Corrosion is another obstacle that could spoil the procedure, he said.


Dye said the German government [has been] told about the recovery operation.



side-scan sonar image
https://www.aulro.com/afvb/images/imported/2013/05/1067.jpg


Examples of the Dornier Do17

https://www.aulro.com/afvb/images/imported/2013/05/1068.jpg

https://www.aulro.com/afvb/images/imported/2013/05/1069.jpg

https://www.aulro.com/afvb/images/imported/2013/05/1070.jpg

VladTepes
11th June 2013, 12:40 PM
Lifted today.

German WWII Dornier bomber lifted from sea off England - ABC News (Australian Broadcasting Corporation) (http://www.abc.net.au/news/2013-06-11/german-wwii-bomber-lifted-from-sea-off-england/4745012)

https://www.aulro.com/afvb/images/imported/2013/06/1027.jpg

goingbush
11th June 2013, 03:05 PM
At first I thought that is not a Do17 , but turning the computer upsideown it dawned on me the aircraft is inverted.

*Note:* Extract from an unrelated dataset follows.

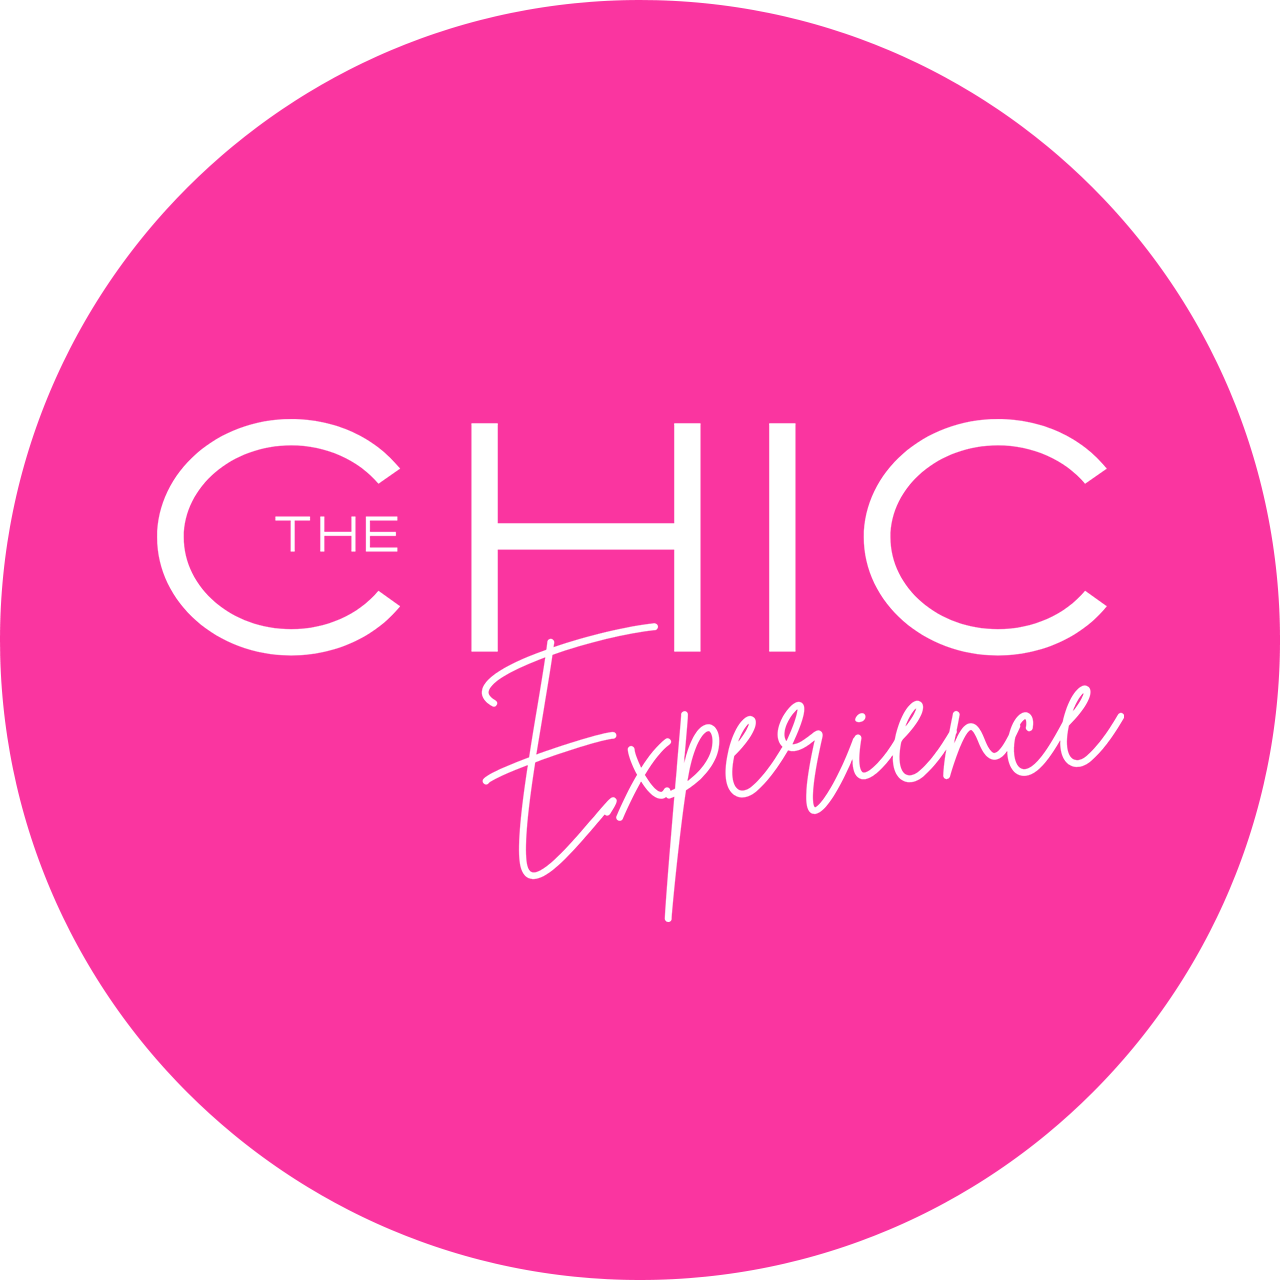 Chic Experience Chic Studios

Like the quote though, "The aircraft is a unique and unprecedented survivor from the Battle of Britain and the Blitz,"

Does not look like a survivor to me !!!

good luck to them tho, I'd say it easier to scratch build from plans than to restore that.

Pickles2
11th June 2013, 03:17 PM
Geez, there's not much left of that....I can't really see how they could make much out of that at all.
Cheers, Pickles.

VladTepes
11th June 2013, 04:22 PM
At first I thought that is not a Do17 , but turning the computer upsideown it dawned on me the aircraft is inverted.


he he he I was wondering how long it would take for someone to say that !



I think it would be great just conserved and displayed "as is".